Ajdin Maksumić

Personal information
- Date of birth: 24 July 1985 (age 40)
- Place of birth: Konjic, SFR Yugoslavia
- Height: 1.88 m (6 ft 2 in)
- Position: Midfielder

Youth career
- Igman Konjic

Senior career*
- Years: Team / Apps / (Gls)
- 2004–2006: Sarajevo / 52 / (6)
- 2007: Khimki / 9 / (0)
- 2008–2010: Sarajevo / 36 / (2)
- 2010: Dinamo II București / 1 / (0)
- 2010–2011: Pandurii / 2 / (0)
- 2011: Sarajevo / 7 / (0)
- 2012: FC Staad
- 2012: Sloboda Užice / 0 / (0)
- 2013: GOŠK Gabela / 6 / (0)
- 2013–2014: Zvijezda Gradačac / 22 / (0)
- 2014–2015: Igman Konjic / 12 / (1)
- 2015: Vatanspor BH / 5 / (0)
- 2016-2018: FV Bad Vilbel / 85 / (18)
- Total:  / 237 / (27)

International career^{‡}
- 2003: Bosnia and Herzegovina U-19 / 2 / (0)
- 2006–2007: Bosnia and Herzegovina U-21 / 3 / (0)

= Ajdin Maksumić =

Bosnian-Herzegovinian retired footballer (born 1985)

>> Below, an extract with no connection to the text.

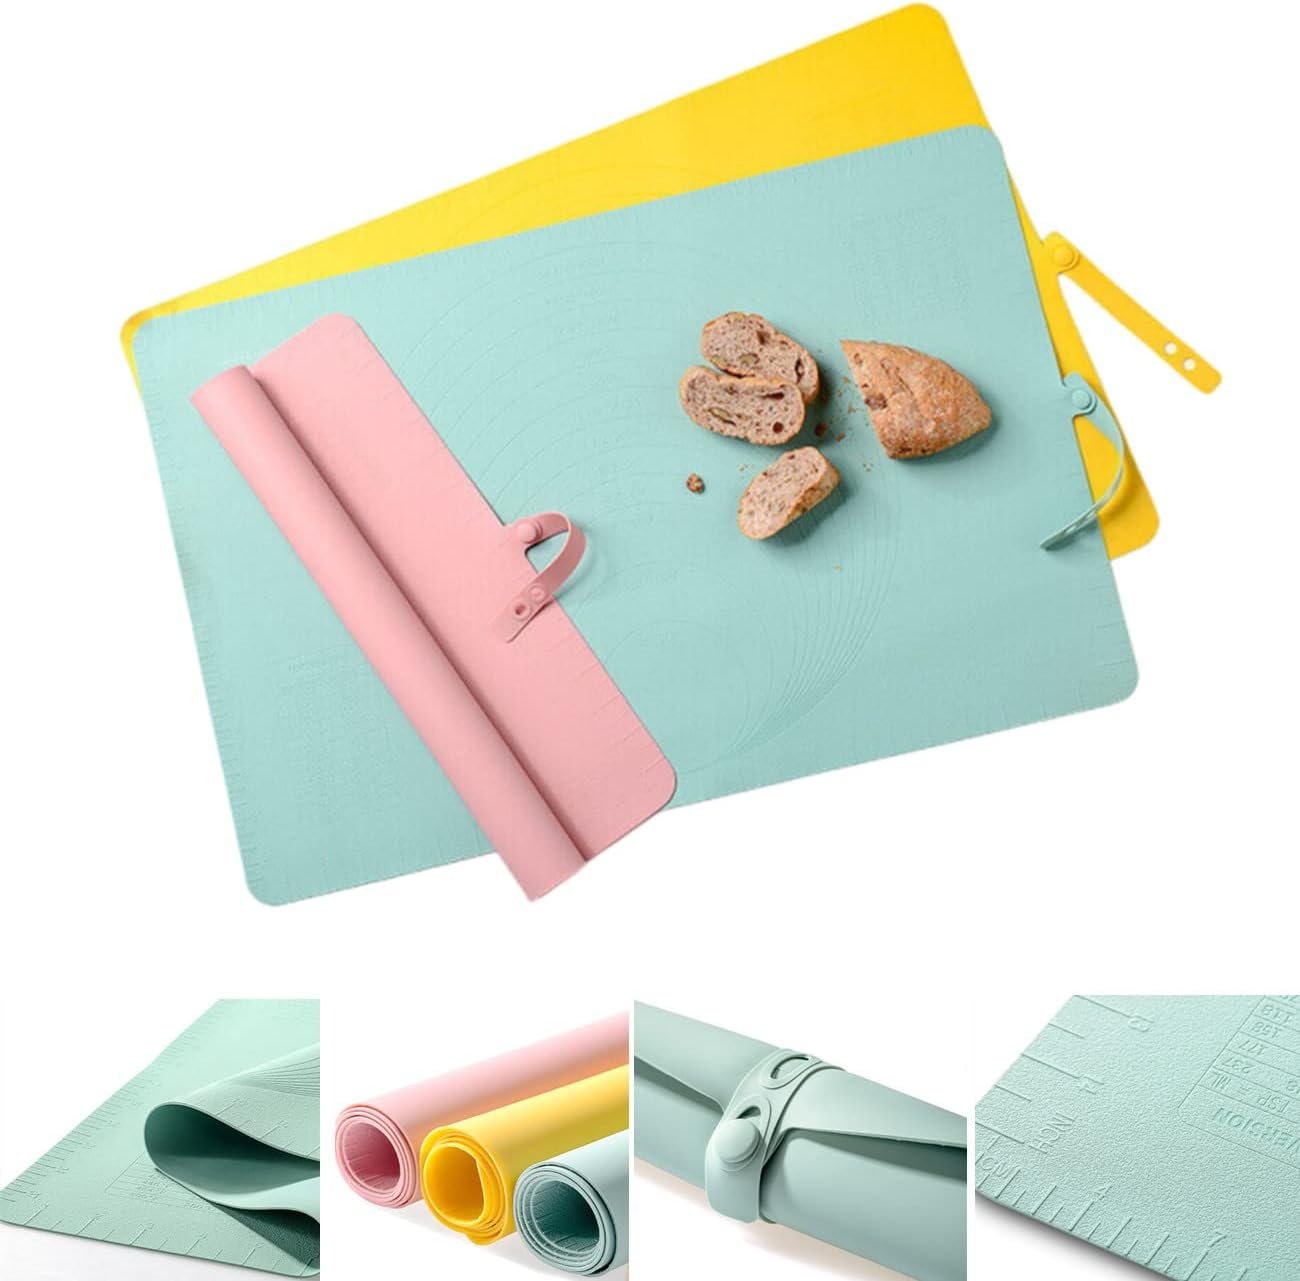 Extra Large Silicone Baking Mat Extra Large Kitchen Silicone Pad  Multifunctional Non Slip Non Stick Silicone Pastry Mats Can Be Rolled up  Large

Ajdin Maksumić (born 24 July 1985) is a Bosnian-Herzegovinian retired footballer who ended his career in the German amateur leagues.

==Club career==
Born in Konjic, SR Bosnia and Herzegovina, previously, he played for FK Igman from his hometown and FK Sarajevo.

On January 30, 2007, he transferred to Russian club FC Khimki, where he played in 9 Russian Premier League matches.

On August 28, 2008, he came back to FK Sarajevo and played in the Premier League of Bosnia and Herzegovina. During the winter break of the 2011–12 season he left Bosnia and joined Swiss lower league side FC Staad. In August 2012 after a successful trial he signed with Serbian club FK Sloboda Užice.

In summer 2014, he returned to his hometown club, FK Igman Konjic.

==International career==

In March 2007, he received his first senior call up from against Norway, but did not play.

Earlier he was a member of the Bosnian U21 team.